The repetition of history reveals how the most dangerous forms of prejudice are hidden behind everyday procedure. Such new laws as the 1977 Community Reinvestment Act treated the main symptoms of redlining practices, but never stopped the virus of segregationist development. “Progress” was used a code term during the Baby Boomer era to leave African American residents holding the bag when Route 33 made its arbitrary path through the city. A contemporary type of “progress” has taken on a silent attempt to rebrand the Fruit Belt in accordance to the growth of the Medical Campus, once again using the city’s African American residents as a bargaining chip.
As stated by Esterphine Greene, “Those who have no seat at the table will find themselves on the menu.”
Perhaps this was the most important lesson that Buffalonians have learned in recent times. In a city desperate for true leadership, the Fruit Belt is a neighborhood that has particularly endured against numerous hardships. A community that experienced the onslaught of Route 33, decades of abandonment and disinvestment, and a threat on its own name brings forth a re-evaluation on how the city defines its rebirth, and who are part of the equation.
The march towards progress does not conspire to leave anyone behind.
Buffalo cannot build a renaissance from the same toxic psychology that led to its downfall.
Bearing New Fruit
Beginning in the 1990’s, numerous community-based actions have stepped up to breathe new life into the long-maligned Fruit Belt.

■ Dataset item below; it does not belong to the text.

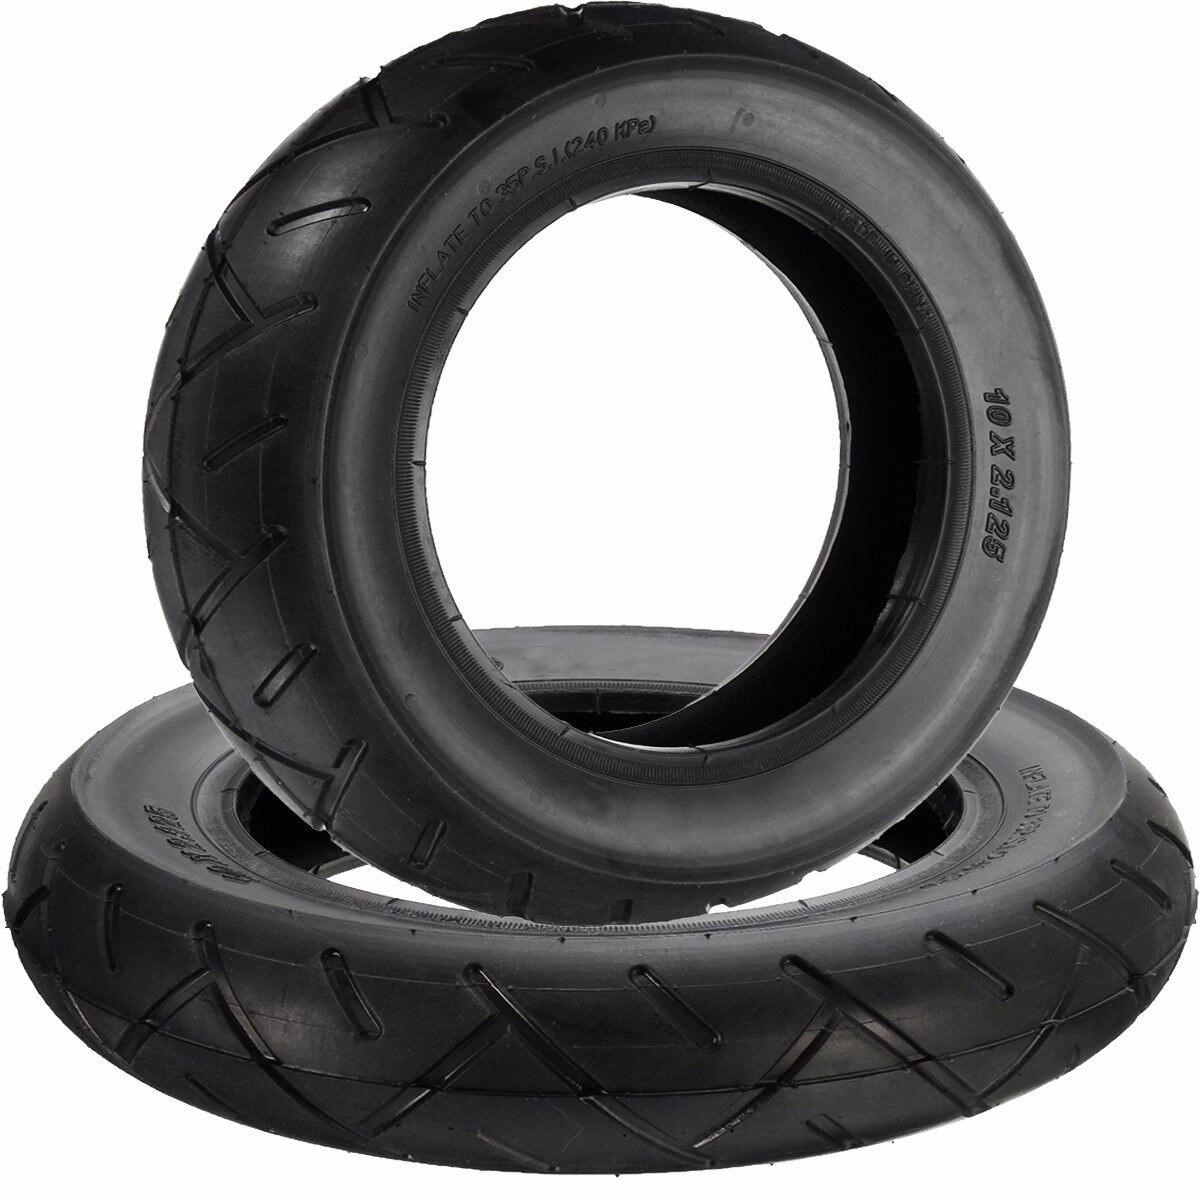 10 zoll x 2,125 zoll Reifen und Schlauch für Hoverboard Selbstausgleich Elektroroller Naturkautschuk Schwarz

The Fruit Belt Coalition, consisting of many sub-groups in the neighborhood, host monthly block club meetings, as well as neighborhood block parties during the summer, including a Christmas in the City event during the holidays. St. John Baptist Church has taken the lead on housing projects around the neighborhood, more recently signing onto a $500 million redevelopment pledge for the neighborhood.
In 2017, the countrywide Endless Orchard campaign arrived in Buffalo. Volunteers planted new cherry, peach, apple, pear, and plum trees, as well as blueberry bushes around the Fruit Belt neighborhood. As a direct tribute to the neighborhood’s heritage, a new orchard will greet the next generation of Fruit Belt residents.
Locust Street Arts adapted to changes around the neighborhood since its founding in 1959. Its present-day location is in a former convent at 138 Locust Street, which was part of the St. Boniface Roman Catholic Church campus based on Mulberry and Virginia Streets.
The non-profit art institute has won numerous awards for its access and versatility in arts education, and has been praised for the welcoming diversity of its student and staff members. The institute’s commitment to both the community and fine arts became the subject of Harvard University’s “Safe Havens” study in 1993. Nearing its 60th year, Locust Street Arts, remembered by many alumni as Molly-Olga, continues to provide free art classes for children and adults on Saturday afternoons.
In more recent years, city and state government have become more attentive in protecting the well-being of the neighborhood. Residential parking permits have been issued to control “borrowed” parking from Medical Campus employees. A community land trust launched in 2018 to protect property rates for neighborhood residents, as a much-needed challenge against displacement. A Slumlord Bill was signed into state law to reinforce penalties against out-of-town landlords sitting on abandoned properties.
The Fruit Belt has escaped the grisly fate of Brewers Hill. It reaffirmed its identity against circumstances that could have further compromised the neighborhood or eliminated it altogether. Identity establishes ownership: with harsh lessons learned from the past, the reward for community ownership has been citywide rediscovery of the Fruit Belt’s grand heritage.